Graph info

Should I use this graph?


This graph requires:

✅ two numeric (continuous) variables

Description

Standard histograms separate a variable’s values into discrete groups, or ‘bins,’ which are arranged in increasing order across the x axis. The y axis displays the frequency (or count) of values within each bin.

Vertical bars capture the variable’s distribution using the height of the bar to represent the number of values per ‘bin’, and the number of bars corresponds with the bin value (or ‘bin-width’).

When we extend this display to two numerical/quantitative variables, the bins are used to divide the total graph area into a grid, and color is used to display the variation in frequency (or count) of both variable values that fall within each intersecting square.

Getting set up

PACKAGES:

Install packages.

Code
install.packages("palmerpenguins")
library(palmerpenguins)
library(ggplot2)

DATA:

Artwork by @allison_horst

We’ll take the flipper_length_mm, bill_length_mm, and species variables from palmerpenguins::penguins and drop the missing values.

Code
penguins_2dhist <- palmerpenguins::penguins |> 
    dplyr::select(flipper_length_mm, bill_length_mm, 
                  sex, species, body_mass_g) |> 
    tidyr::drop_na()
glimpse(penguins_2dhist)
Rows: 333
Columns: 5
$ flipper_length_mm <int> 181, 186, 195, 193, 190, 181, 195, 182, 191, 198, 18…
$ bill_length_mm    <dbl> 39.1, 39.5, 40.3, 36.7, 39.3, 38.9, 39.2, 41.1, 38.6…
$ sex               <fct> male, female, female, female, male, female, male, fe…
$ species           <fct> Adelie, Adelie, Adelie, Adelie, Adelie, Adelie, Adel…
$ body_mass_g       <int> 3750, 3800, 3250, 3450, 3650, 3625, 4675, 3200, 3800…

The grammar

CODE:

Create labels with labs()

Initialize the graph with ggplot() and provide data

Map bill_length_mm to the x and flipper_length_mm to the y

Add the geom_bin2d() layer

Code
labs_2dhist <- labs(
    title = "Adult Foraging Penguins", 
    subtitle = "Near Palmer Station, Antarctica", 
    x = "Bill length (mm)", 
    y = "Flipper length (mm)")

ggp2_2dhist <- ggplot(data = penguins_2dhist, 
    mapping = aes(x = bill_length_mm, 
                  y = flipper_length_mm)) + 
    geom_bin2d()
            
ggp2_2dhist + 
    labs_2dhist

GRAPH:

More info

BINS:

The value for bins will be vary depending on the variable values–there is no correct number.
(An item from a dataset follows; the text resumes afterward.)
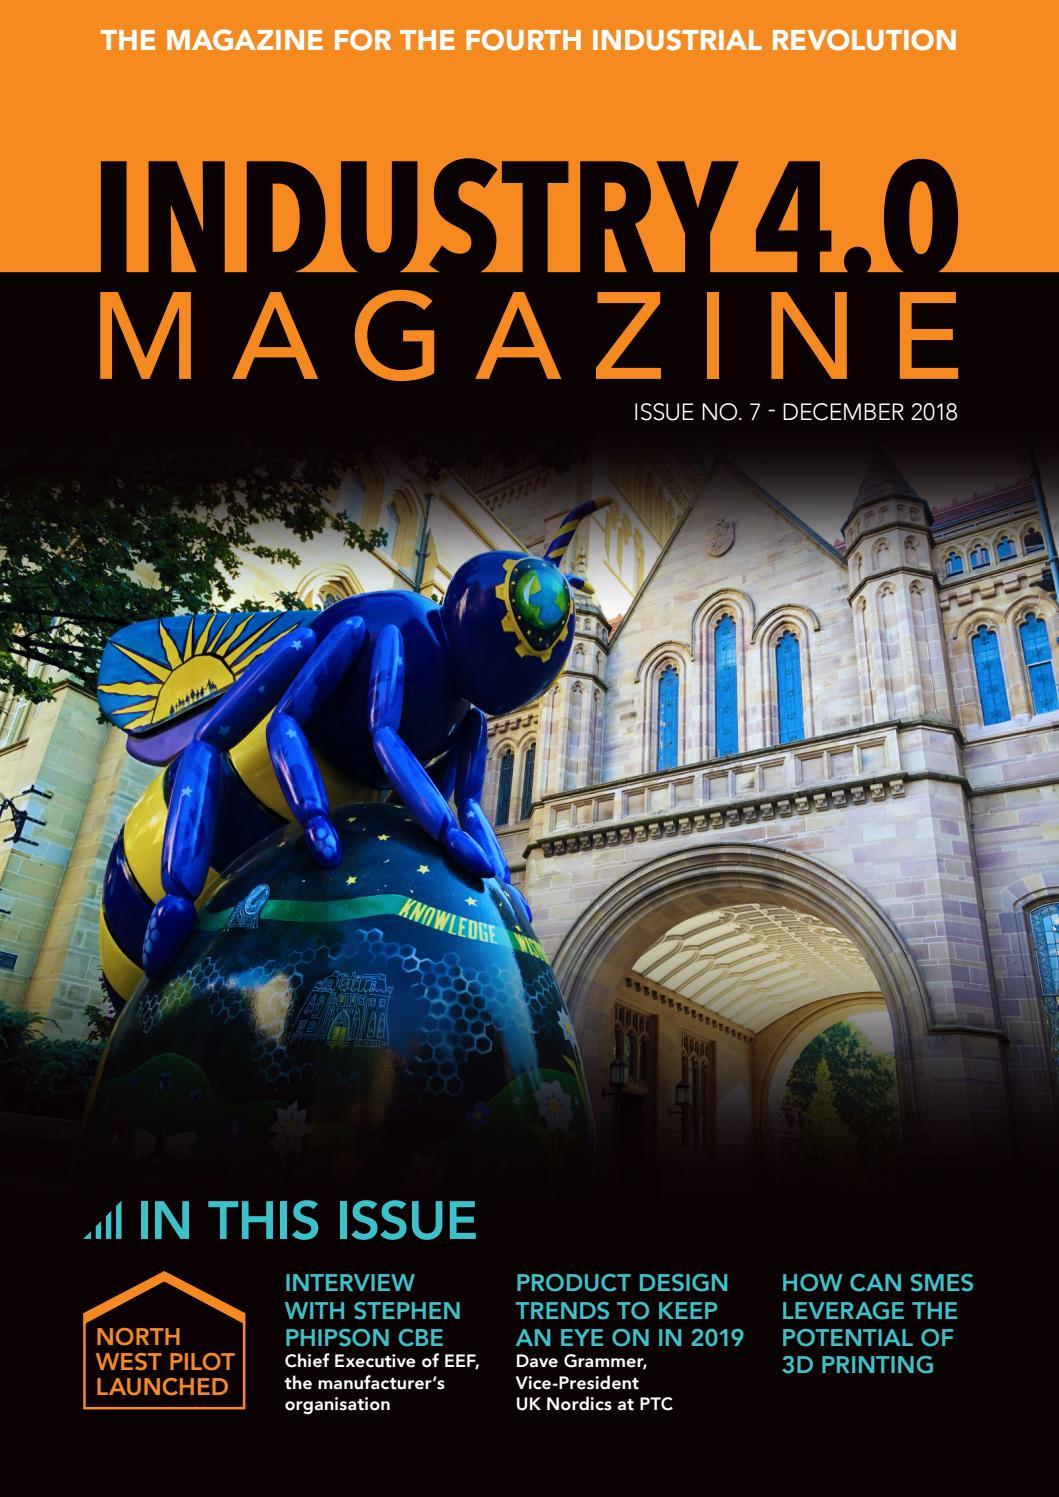 Industry 4 0 Magazine by GB Media & Events Ltd  - issuu

If the number of bins is too low, the density may hide important nuances between the variables. If the number of bins is too high, the noise might drown out the signal.
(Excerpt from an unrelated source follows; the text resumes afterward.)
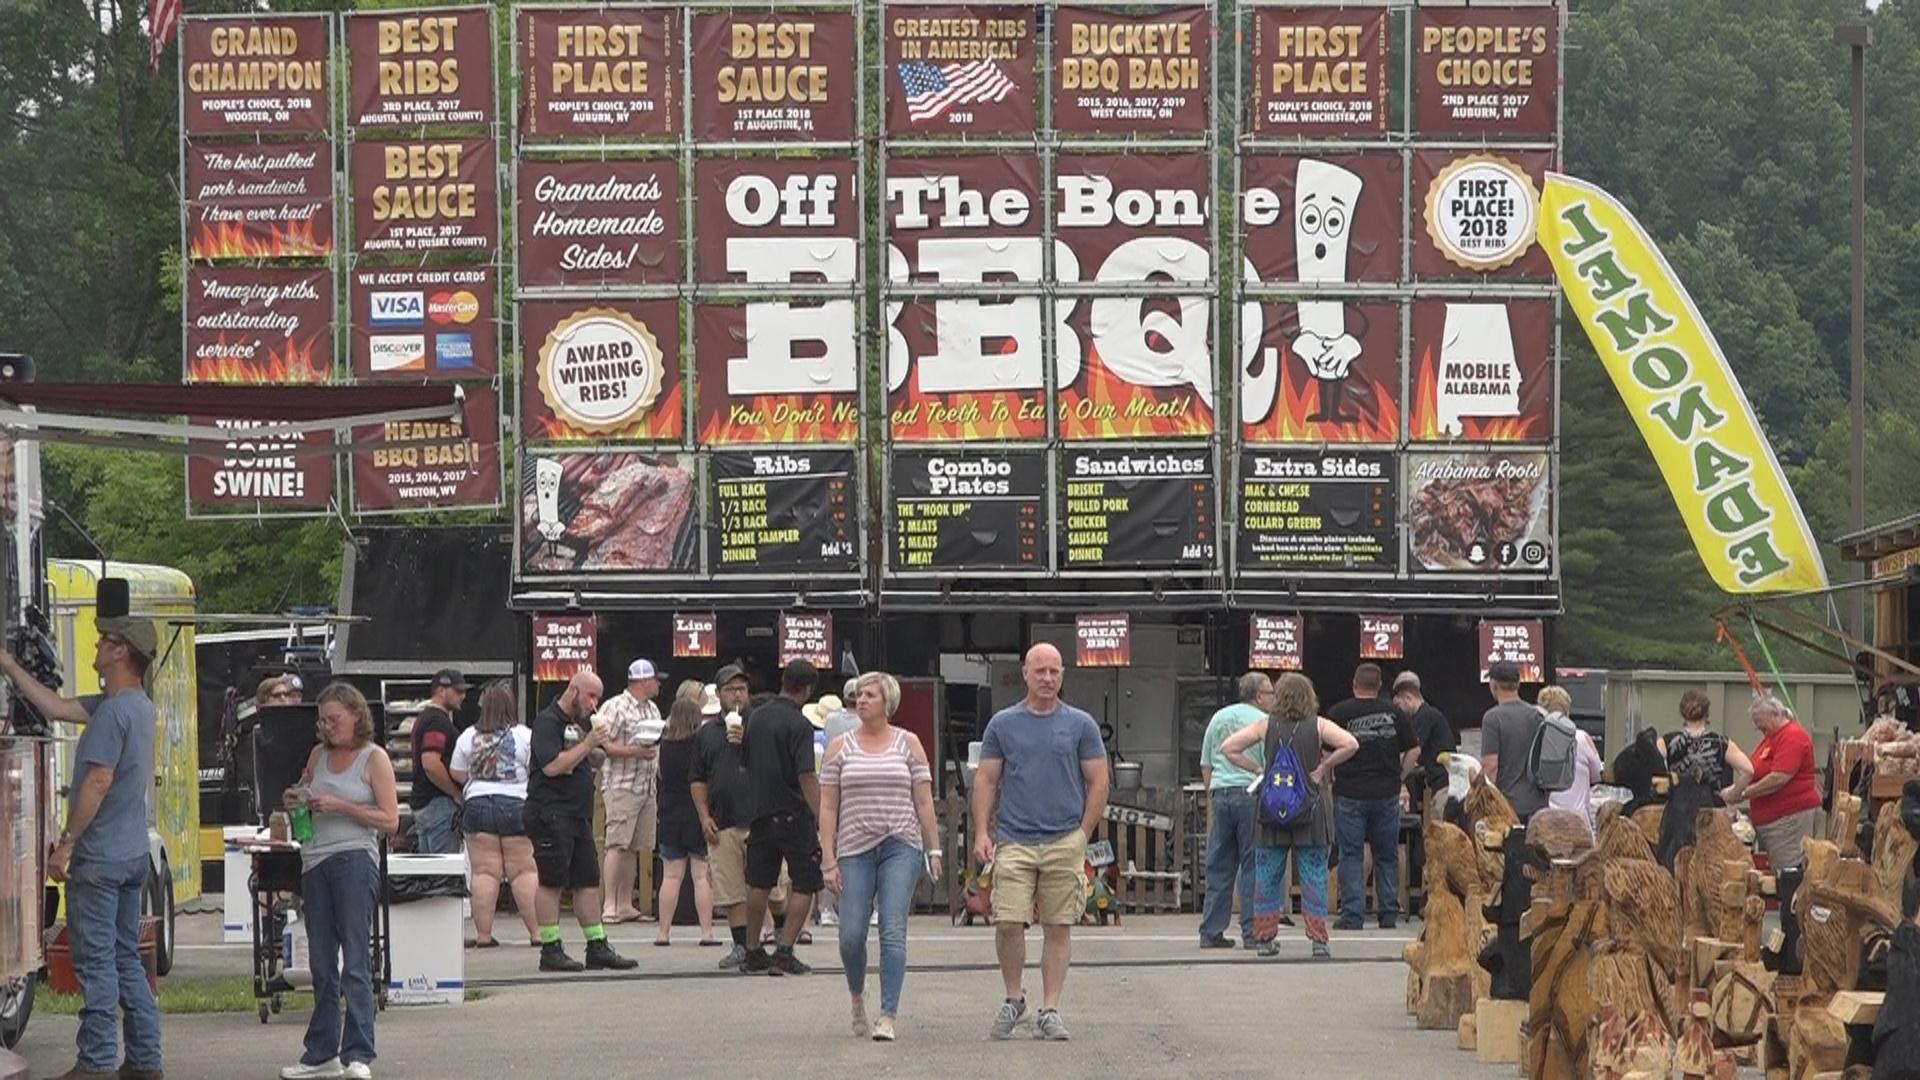 ALMOST HEAVEN BBQ BASH_1559955830514.jpg.jpg

Below we change the bins to 15 and save this layer as ggp2_2dbins15:

Code
ggp2_base <- ggplot(data = penguins_2dhist, 
    mapping = aes(x = bill_length_mm, 
                  y = flipper_length_mm)) 
ggp2_2dbins15 <- ggp2_base + 
                    geom_bin2d(bins = 15) 
ggp2_2dbins15 + 
     labs_2dhist 

SCALES:

scale_fill_continuous_sequential() comes with a variety of palettes to choose from (run hcl_palettes(type = "sequential") to view the full list).

We can also reverse the order of the fill color scale with rev (TRUE or FALSE).

Code
ggp2_2dbins15 + 
    scale_fill_continuous_sequential(
        palette = "Mako", 
        rev = TRUE) +
    labs_2dhist 
ggp2_2dbins15 + 
    scale_fill_continuous_sequential(
        palette = "Mako", 
        rev = FALSE) +
    labs_2dhist 

OPTIONS:

If you set the point shape to 21, you have control over both color and fill.

In the previous example we showed how to reverse the color scale for the palette in scale_fill_continuous_sequential(). Below we reverse the color scale, but also manually set which colors on the scale we want to begin with (i.e., smallest data value) and which color we want to end with (i.e., the largest data value). Possible values range from 0 - 1.

We also add a geom_point() layer.

Code
ggp2_2dbins15 + 
    scale_fill_continuous_sequential(
        palette = "SunsetDark",
        rev = TRUE,
        begin = 0.7, end = 0.2) +
    geom_point(color = "#007bff",
        fill = "#FFFFFF", shape = 21,
        size = 2.2, alpha = 0.75) +
    labs_2dhist